Analisar texto é diferente de encontrar padrões
Você lê um parágrafo e já sabe onde a coisa aperta. O texto parece limpo, mas há uma tensão entre o que está dito e o que está sendo mostrado. A primeira coisa que eu faço não é listar nomes de figuras; é identificar onde o sentido se rompe. Onde o autor decidiu não dizer a coisa pelo nome. Esse ponto de ruptura é sempre um indicador útil.

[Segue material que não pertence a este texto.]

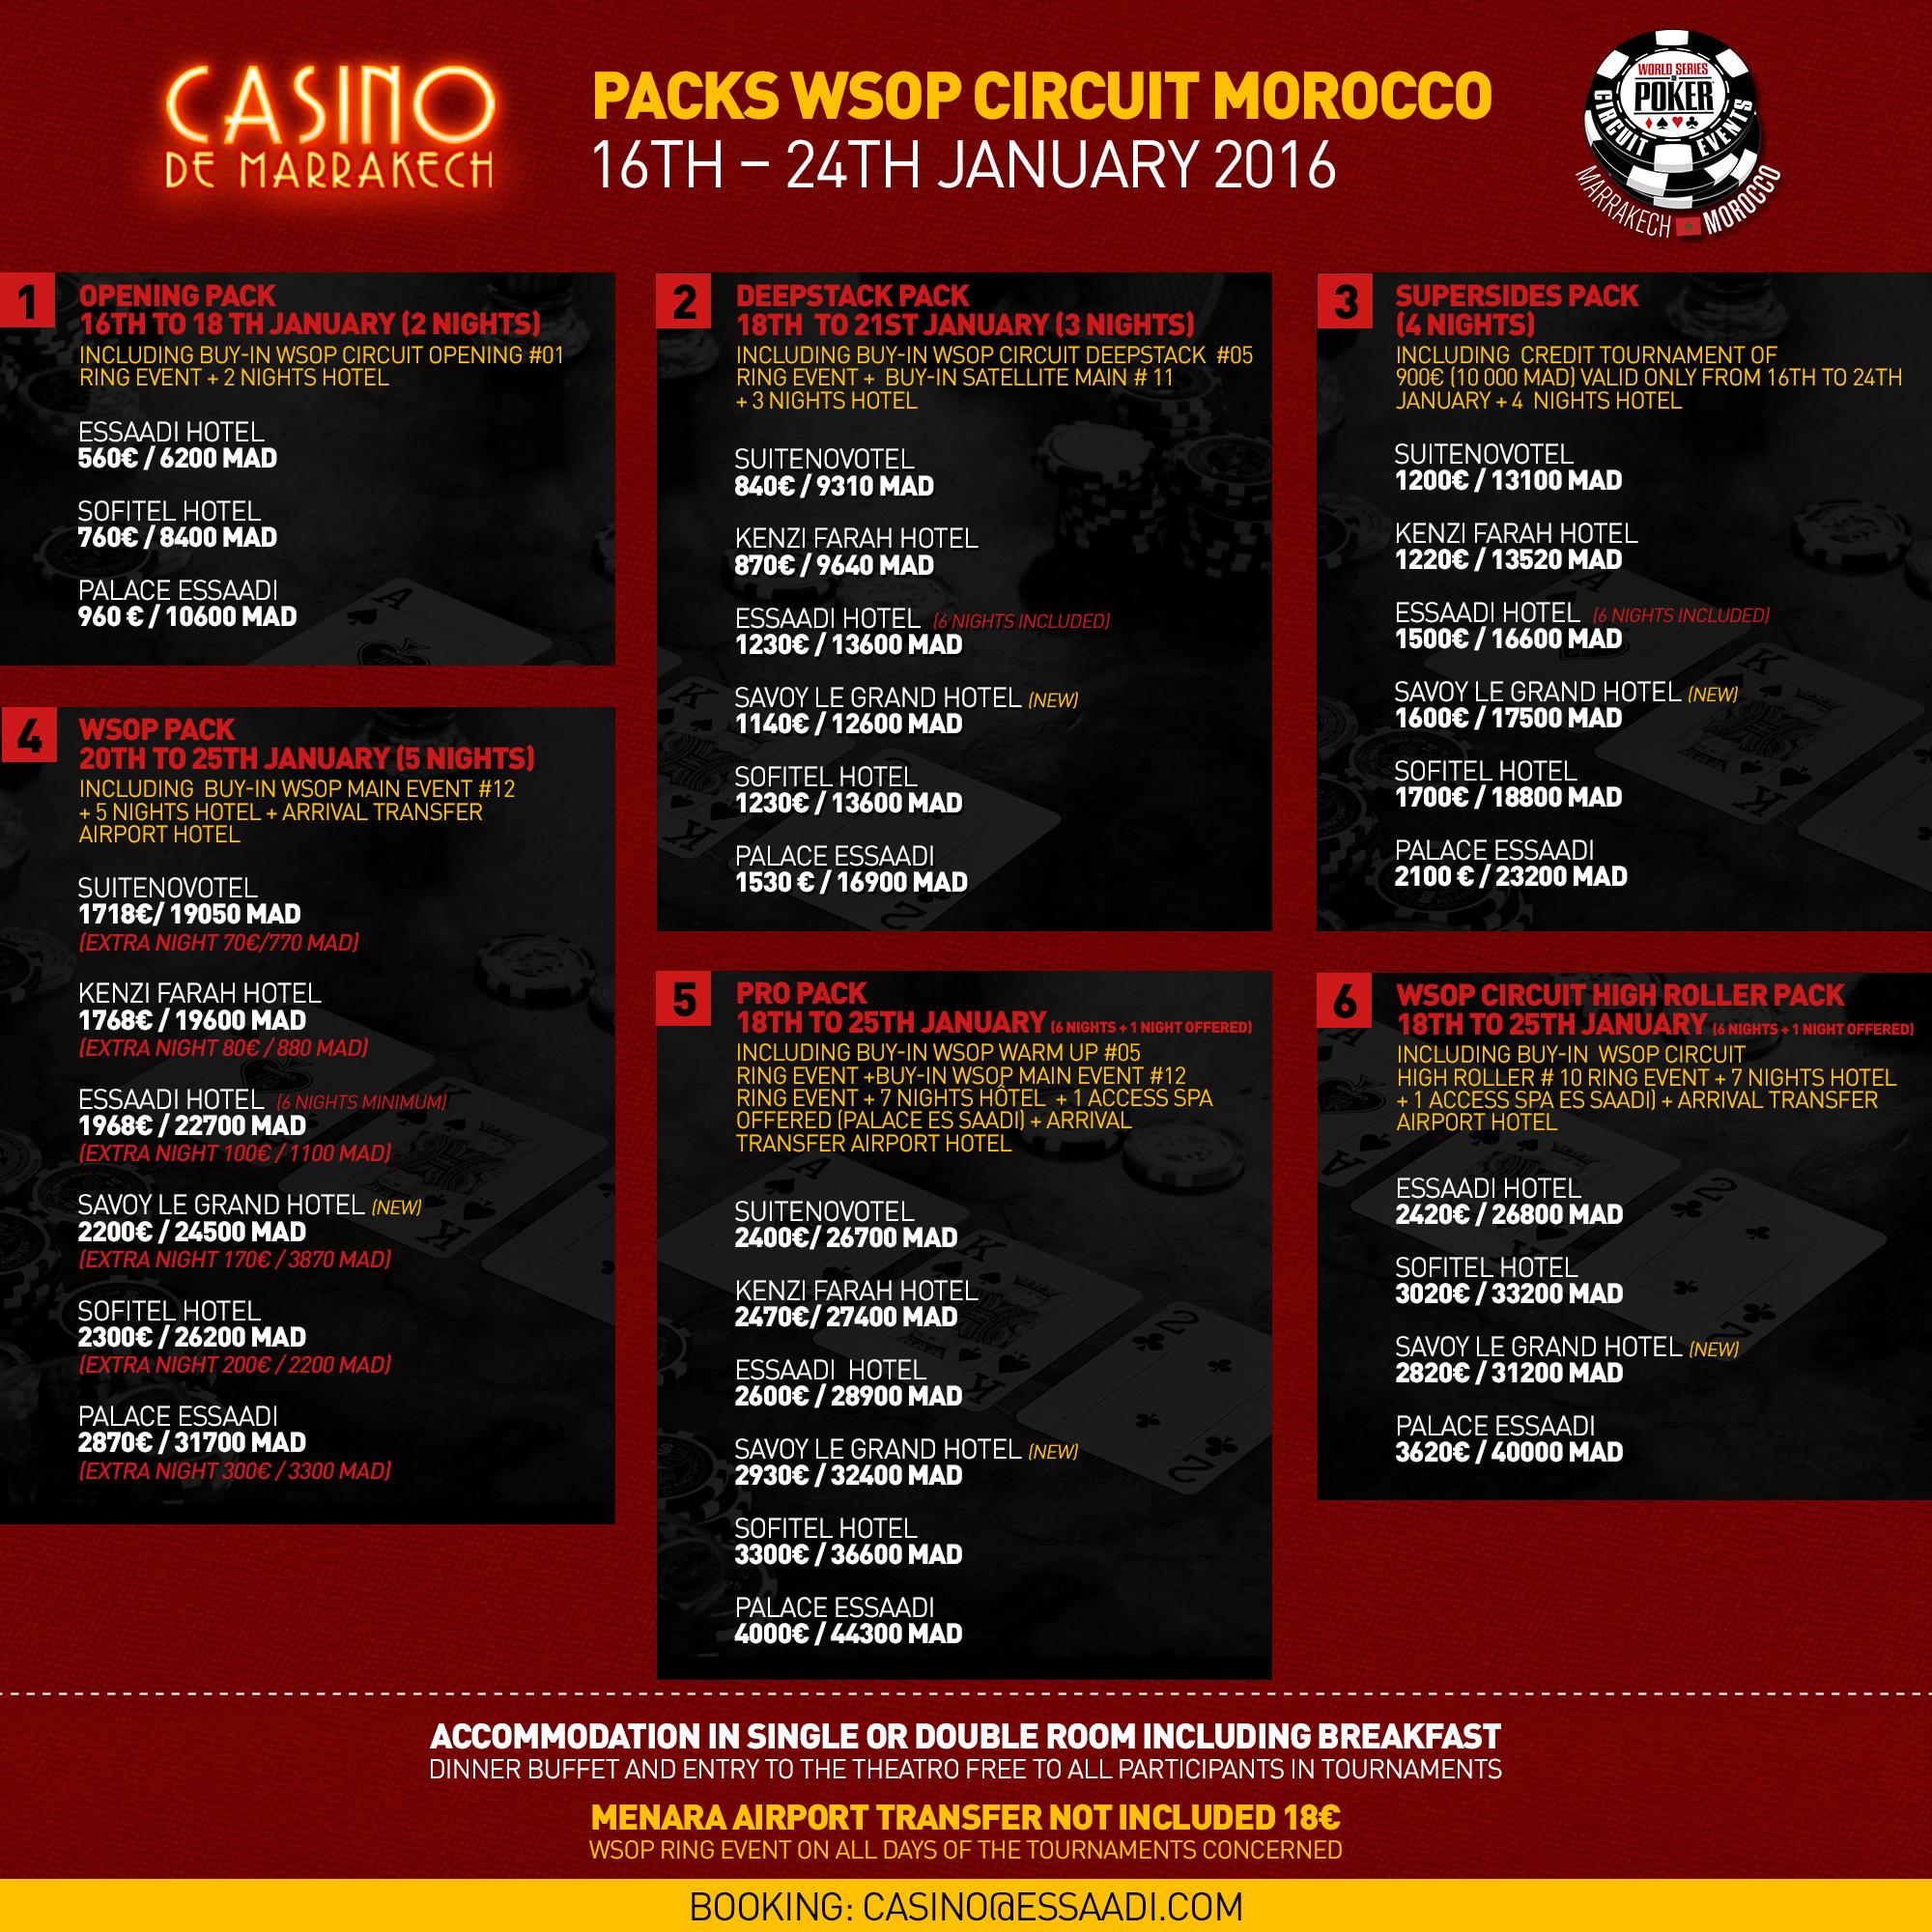 wsop circuit event schedule

principais figura de linguagem
Na prática, o trabalho cai em dois níveis. Um é a identificação formal: metáfora, metonímia, ironia, hipérbole, antítese, e assim por diante. O outro é a função retórica: convencer, distrair, gerar empatia, criar ritmo, esconder algo sob excesso de palavras. Quem foca só no primeiro nível entrega uma lista bonita e inútil. Quem foca nos dois costuma acertar a leitura. Acho importante começar pelo método, porque é aqui que a maioria erra. Eu leio três vezes. Na primeira, anoto só o que parece estranho. Na segunda, marco termos que carregam mais peso do que o resto da frase. Na terceira, pergunto o que seria dito de forma direta e por que não foi. A diferença entre o direto e o real quase sempre é a figura que está em jogo.
Um detalhe que pega quem está começando: figuras raramente vivem sozinhas. Elas trabalham em grupo. O autor geralmente empilha duas ou três no mesmo trecho para reforçar um efeito. Se você isolar uma só, vai simplificar demais o mecanismo. Anotar a cadeia é mais barato do que tentar classificar cada termo separadamente. Também vale a regra prática de checar contexto antes de nomear. A mesma estrutura pode ser metáfora num registro e ironia em outro. O que decide é a intenção comunicativa, não apenas a forma. Eu já perdi tempo classificando trechos como metonímia quando, na verdade, o efeito era de ironia fininha. A solução foi voltar para o contexto e perguntar se havia uma intenção de dizer o contrário do que estava escrito.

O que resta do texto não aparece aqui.